Care coordination is essential to avoid duplicate treatment and to prevent medical errors. Whether it is a GP, hospital, other healthcare provider or local authority, they are all at different levels of implementing IT. In fact, many are still manually posting or transporting health records to other members of care teams, which can take days. Even if a patient moves from one doctor to another down the corridor in a medical building, the patient may have to carry records in a paper folder rather than their being accessed or transmitted digitally.

For healthcare providers to properly exchange information and coordinate care, it should be in “near-real time”.  A phone or fax machine may not be good enough but there are numerous ways that the NHS can rise to the health secretary’s challenge >>>

#1. Make more use of existing, national tools that are already up and running

a. NHSmail is a secure, encrypted email service that can be used instead of ‘inhouse’ email systems.  It means that secure emails containing patient-identifiable data (PID) can be safely sent anywhere within the NHS.  NHSmail 2 is coming soon, which will have even more functionality.  There’s really no need to send letters and faxes to colleagues anymore!

b. Choose and Book (CAB).  About 60 percent of all first outpatient referrals are now done through CAB. Make it 100 percent to get the most benefit.  Consider the other functionality within the application such as the ‘Advice and Guidance’ section to avoid inappropriate referrals.

c.
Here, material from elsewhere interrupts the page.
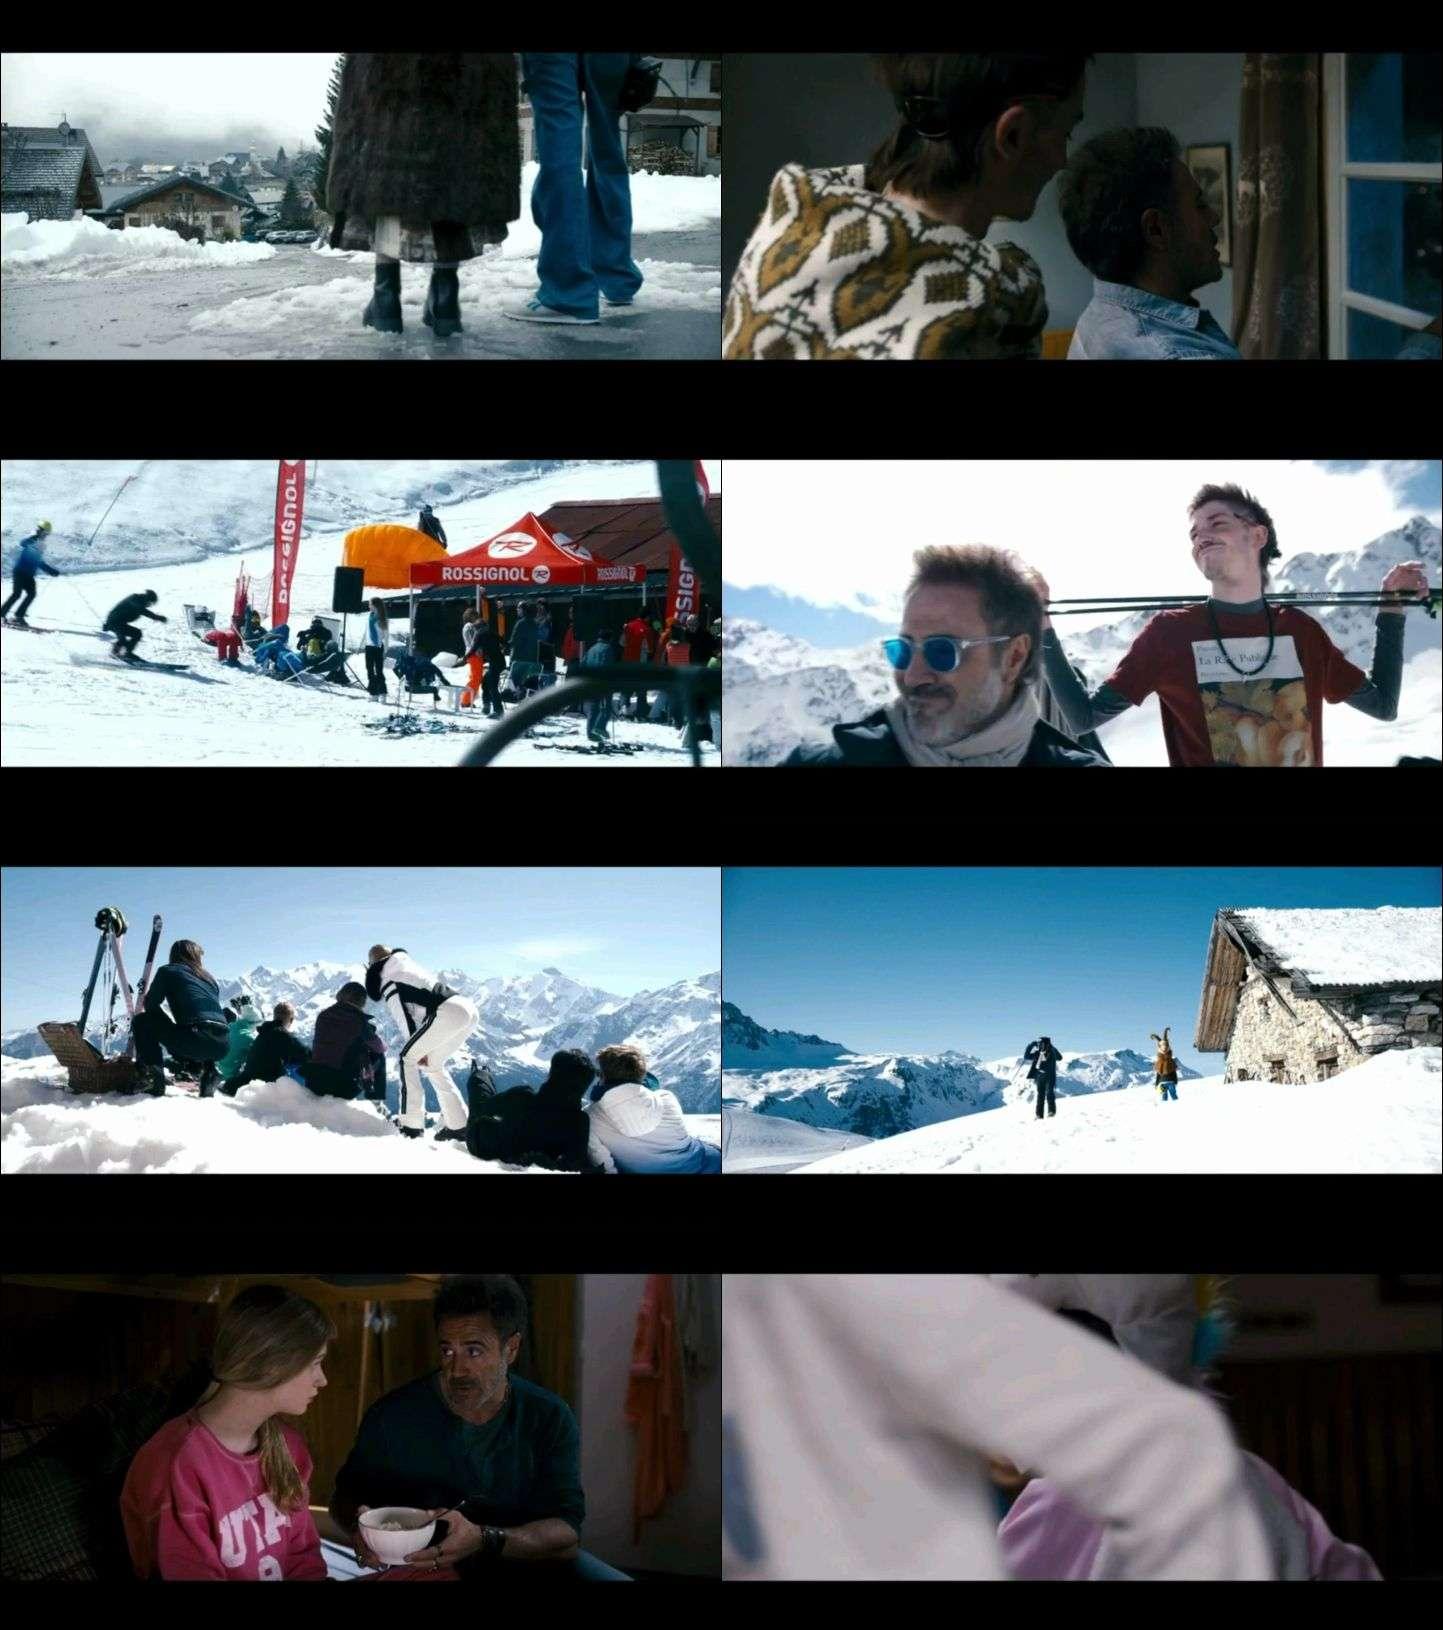 Pist Dışında - Off Piste (2016) türkçe dublaj film indir

Summary Care Record.  A surprising amount of useful clinical information can be found here.  The more it’s used, the more useful it becomes.
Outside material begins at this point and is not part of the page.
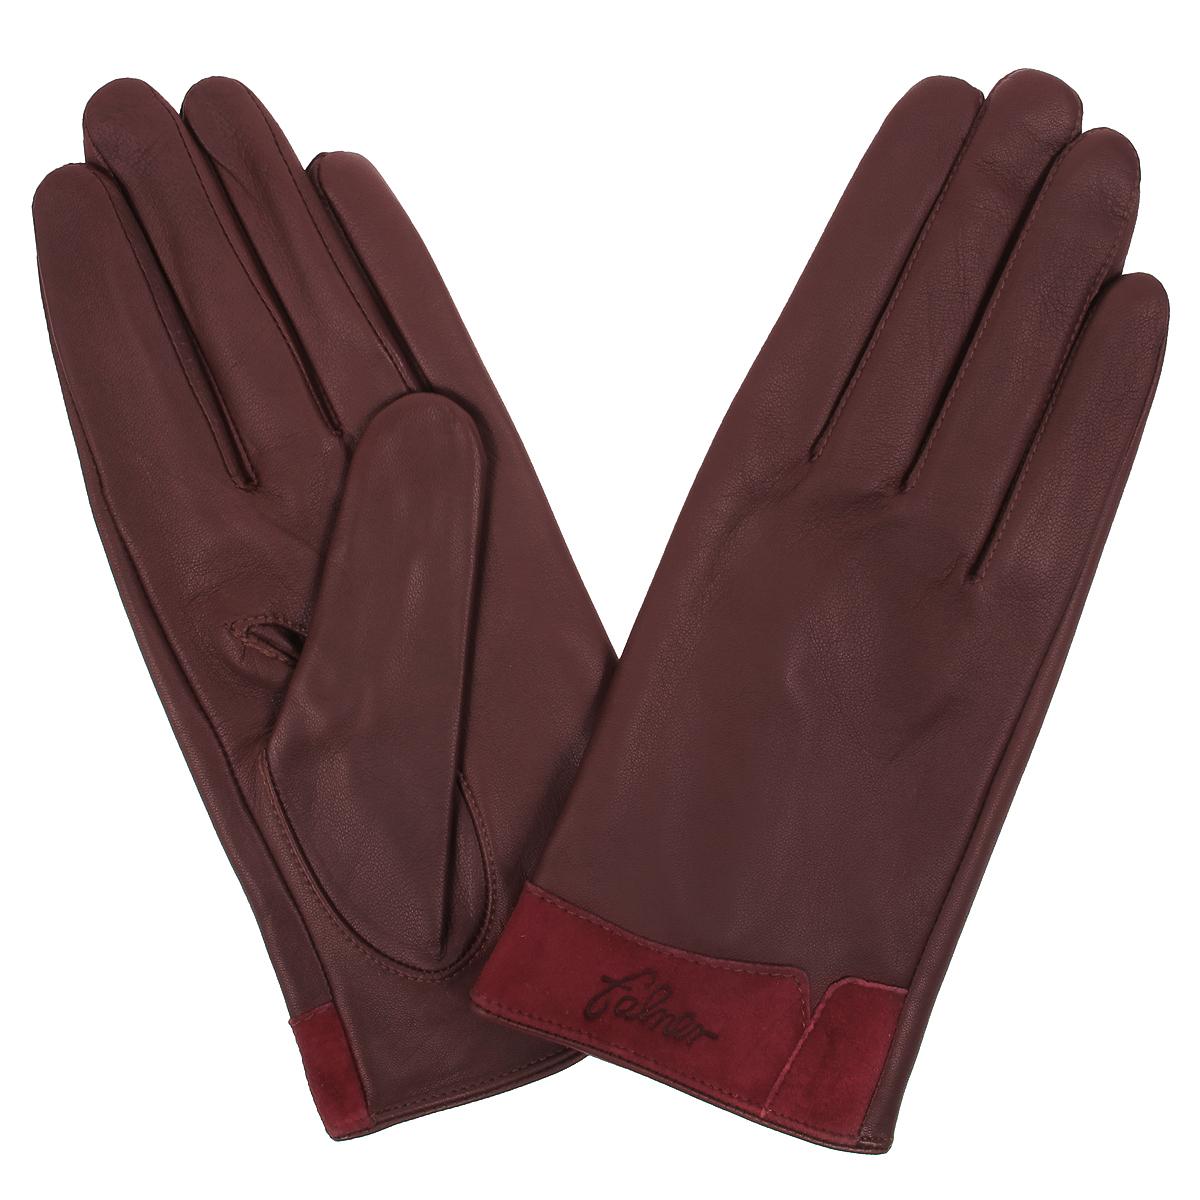 Перчатки женские. L-12L-12Стильные женские перчатки Falner с подкладкой из текстиля выполнены из мягкой и приятной на ощупь натуральной кожи. Манжеты с лицевой стороны выполнены из замши. С тыльной стороны манжеты дополнены небольшими разрезами. Такие перчатки подчеркнут ваш стиль и неповторимость и придадут всему образу нотки женственности и элегантности.

#2. Automate the discharge summary.  It’s virtually impossible to attain the NHS standard of discharge summaries to GPs within 24 hours without using electronic systems.  A good electronic patient record system should permit electronic discharge summaries to be sent to GP systems easily.

#3. ePrescribing.  This is a high-impact patient safety issue; no more problems with doctors’ notorious handwriting. ePrescribing can be ‘standalone’ or integrated into an EPR. It may be best to start with a gradual roll-out in enthusiastic areas, rather than a ‘big bang’ approach.  Once the benefits are seen, clinicians will clamour for it in other areas.
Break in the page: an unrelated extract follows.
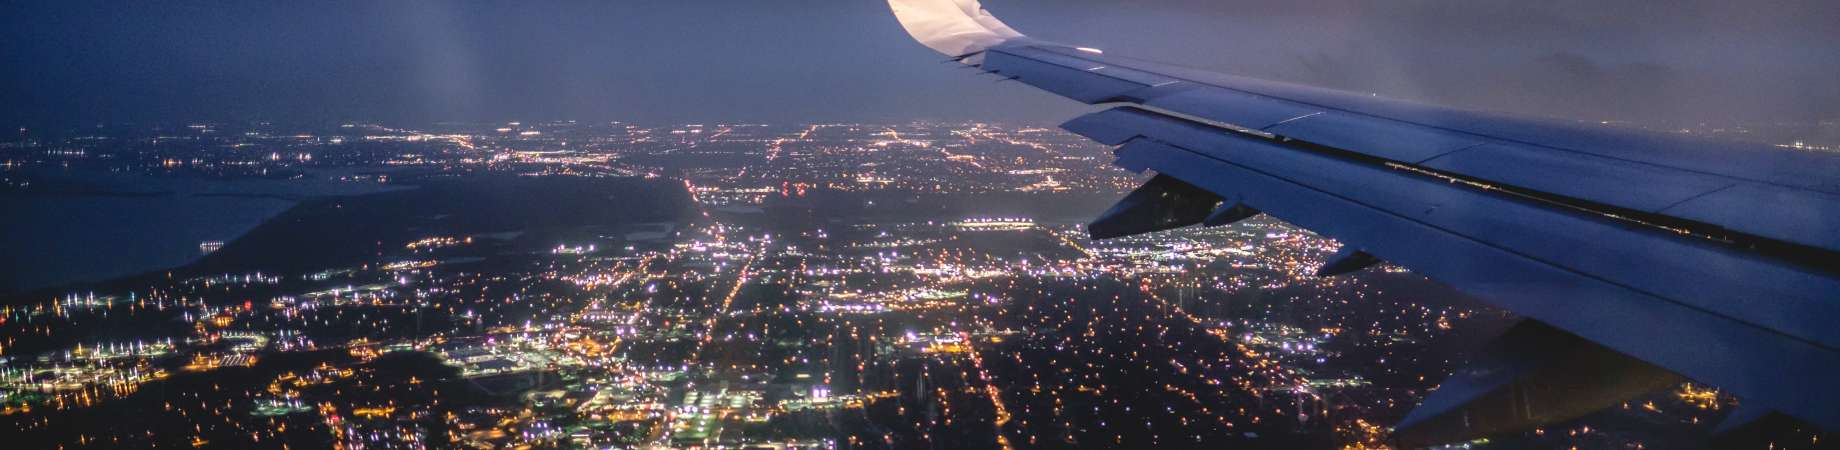 Incognito Travel Agency Dallas, Texas

#4. View results electronically instead of printing out paper. Get into the habit of accessing pathology and radiology results without printing out paper and consider using a Single Sign On tool so that you don’t have to remember multiple passwords.

#5. Exploit ‘departmental’ systems to the maximum. For example, if your trust has a theatre management system, see if you can use it to record the clinical record.  A relatively easy start is the surgical operation note.  But, make sure that any ‘bespoke’ systems can talk to others using Health Level 7 standards.

#6. Don’t duplicate. Paper records are not more valid than electronic ones, so you don’t have to do both.  If you’re told to write paper records and create electronic ones, someone’s missed the point. One Consultant I heard of confiscated all the pens of her trainees when they came to her clinic.

#7. Know your ‘business continuity’ policy. Inevitably there will be times when electronic systems are not available, so you need to have robust alternatives in place just in case. 

#8. Develop a ‘portal’ mentality. This means automatically pulling information from multiple sources into a single area. There are various ways of achieving this, but make sure the patient is the ‘context’, that is, you only view information about one patient at a time. This is an important patient safety factor in order to avoid confusion.

#9. Find out about your trust’s IT strategy. Your IT department needs your input. Do you have a clinical lead for IT, or even a chief clinical information officer (CCIO)?  Could you do it? You don’t need to be a ‘techy’ or have a Master’s in Informatics; this is about improving patient care, it’s not an IT project.

#10. Enjoy the digital revolution. The NHS is ‘data rich but information poor’. In the era of ‘big data’, find out ways of exploiting data for patient benefit and/or professional development. For example, how do you compare against your colleagues, other trusts, international best practice? Annual appraisal and revalidation requires individual, practitioner-level information, and nobody wants the bottom of the league table.